L’Esprit carcéral. Verlaine, Dumont, Detournay, Bervoets à la prison de Mons

Mons Memorial Museum (Mons, Belgique) Commissaire(s): Pierre Liebaert, Karelle Ménine

Comment exposer des existences dont subsistent seulement quelques traces ? C’est à cette question qu’a tenté de répondre l’exposition L’Esprit carcéral, présentée au Mons Memorial Museum (MMM), du 12 juillet 2025 au 11 mai 2026. Prenant pour point de départ la prison cellulaire de Mons – où furent notamment détenu·es Paul Verlaine (de 1873 à 1875), ainsi que plusieurs figures de la résistance belge pendant la Seconde Guerre mondiale, dont Marguerite Bervoets, Cécile Detournay et Fernand Dumont, tous trois incarcéré·es à partir de 1942 –, l’exposition rassemble des archives liées à ces quatre personnalités marquées par l’enfermement.
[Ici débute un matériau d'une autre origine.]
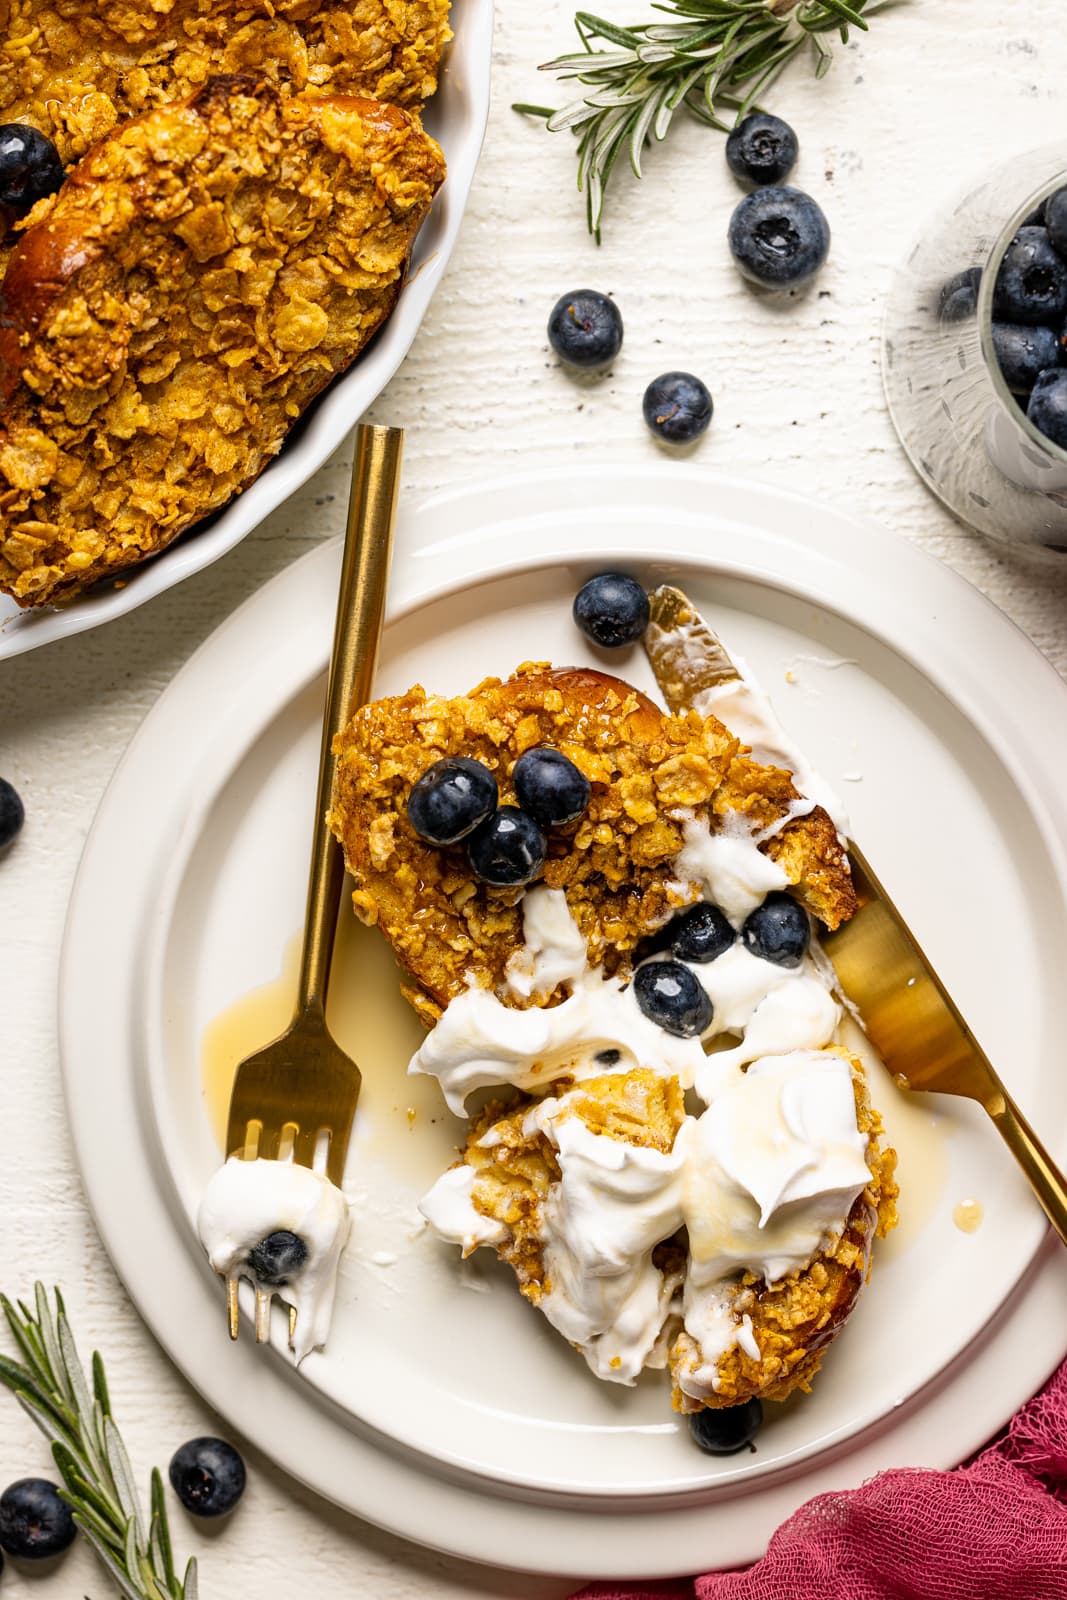 Slice of french toast on a white plate with blueberries, whipped cream, fork + knife, on a white table.
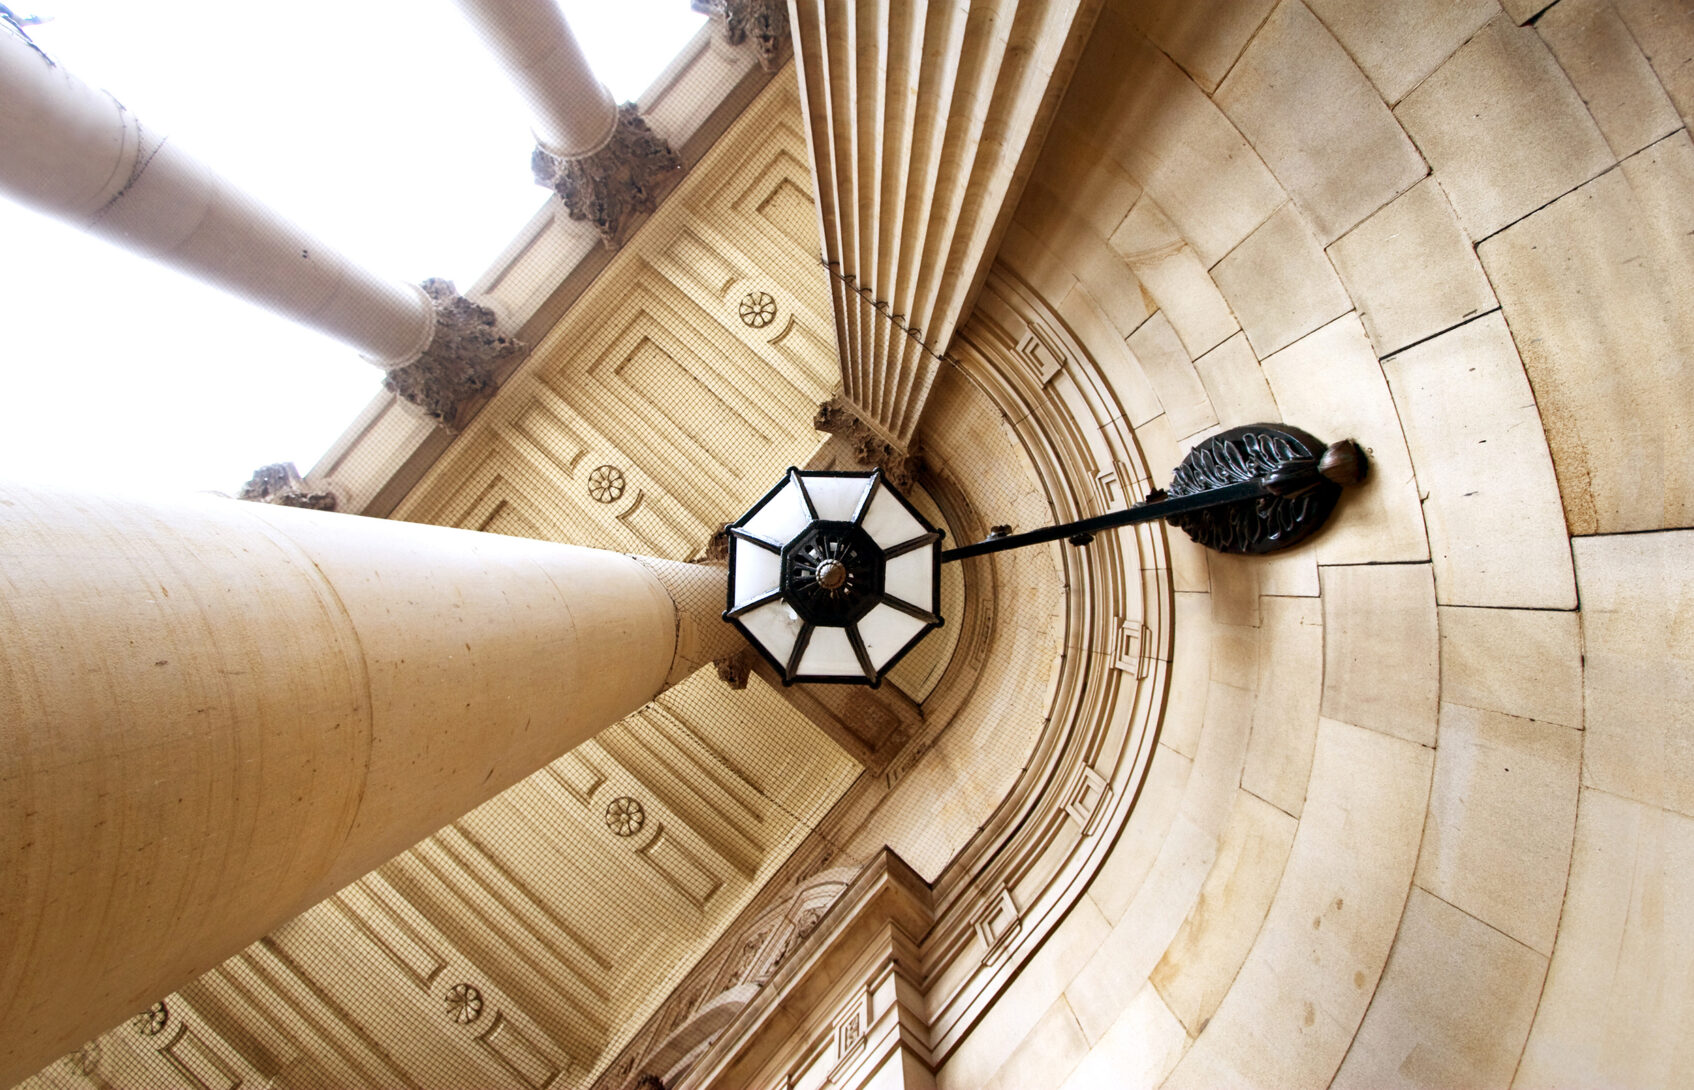 Image of the entrance to the Capitol Building looking up at architectural detail

Mais plutôt que de chercher à reconstituer intégralement leurs parcours, le dispositif assume la fragilité et l’incomplétude des documents conservés. Lettre d’adieu, fragments d’écriture, photographies ou objets fabriqués en détention, autant de témoignages d’existences parfois brutalement interrompues, dont les archives ne livrent que des bribes.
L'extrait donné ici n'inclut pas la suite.